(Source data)
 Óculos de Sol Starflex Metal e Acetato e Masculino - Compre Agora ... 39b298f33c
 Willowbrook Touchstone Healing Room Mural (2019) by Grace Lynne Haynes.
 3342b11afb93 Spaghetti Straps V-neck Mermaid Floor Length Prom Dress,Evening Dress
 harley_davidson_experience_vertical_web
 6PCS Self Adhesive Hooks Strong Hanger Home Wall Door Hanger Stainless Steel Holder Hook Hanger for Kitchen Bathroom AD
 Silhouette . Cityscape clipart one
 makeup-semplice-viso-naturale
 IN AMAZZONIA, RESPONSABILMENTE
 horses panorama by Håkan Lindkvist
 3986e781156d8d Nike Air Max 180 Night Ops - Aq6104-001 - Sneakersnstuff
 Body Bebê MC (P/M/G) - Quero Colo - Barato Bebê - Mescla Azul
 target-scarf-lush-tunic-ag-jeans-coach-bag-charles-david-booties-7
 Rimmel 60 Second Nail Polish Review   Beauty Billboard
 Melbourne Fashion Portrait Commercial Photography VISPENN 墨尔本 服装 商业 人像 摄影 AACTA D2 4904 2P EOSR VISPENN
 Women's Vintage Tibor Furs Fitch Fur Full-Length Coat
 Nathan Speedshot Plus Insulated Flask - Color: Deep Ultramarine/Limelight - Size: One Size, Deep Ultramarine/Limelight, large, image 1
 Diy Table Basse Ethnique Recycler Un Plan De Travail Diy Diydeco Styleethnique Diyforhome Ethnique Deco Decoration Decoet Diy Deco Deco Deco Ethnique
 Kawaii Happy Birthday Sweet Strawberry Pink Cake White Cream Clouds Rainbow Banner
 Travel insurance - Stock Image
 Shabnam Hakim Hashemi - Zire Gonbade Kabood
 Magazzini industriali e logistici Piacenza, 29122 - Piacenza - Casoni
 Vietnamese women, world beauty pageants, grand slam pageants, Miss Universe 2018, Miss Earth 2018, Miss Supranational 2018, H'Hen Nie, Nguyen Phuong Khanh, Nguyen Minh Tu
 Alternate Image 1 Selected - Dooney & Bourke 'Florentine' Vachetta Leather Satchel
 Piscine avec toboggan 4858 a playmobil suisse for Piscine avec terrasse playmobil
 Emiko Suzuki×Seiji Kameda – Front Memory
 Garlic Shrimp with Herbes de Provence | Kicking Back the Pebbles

What is being asked: Give back exactly the lines from the one containing "Travel insurance - Stock Image" through the last line of the records.

Response box:
 Travel insurance - Stock Image
 Shabnam Hakim Hashemi - Zire Gonbade Kabood
 Magazzini industriali e logistici Piacenza, 29122 - Piacenza - Casoni
 Vietnamese women, world beauty pageants, grand slam pageants, Miss Universe 2018, Miss Earth 2018, Miss Supranational 2018, H'Hen Nie, Nguyen Phuong Khanh, Nguyen Minh Tu
 Alternate Image 1 Selected - Dooney & Bourke 'Florentine' Vachetta Leather Satchel
 Piscine avec toboggan 4858 a playmobil suisse for Piscine avec terrasse playmobil
 Emiko Suzuki×Seiji Kameda – Front Memory
 Garlic Shrimp with Herbes de Provence | Kicking Back the Pebbles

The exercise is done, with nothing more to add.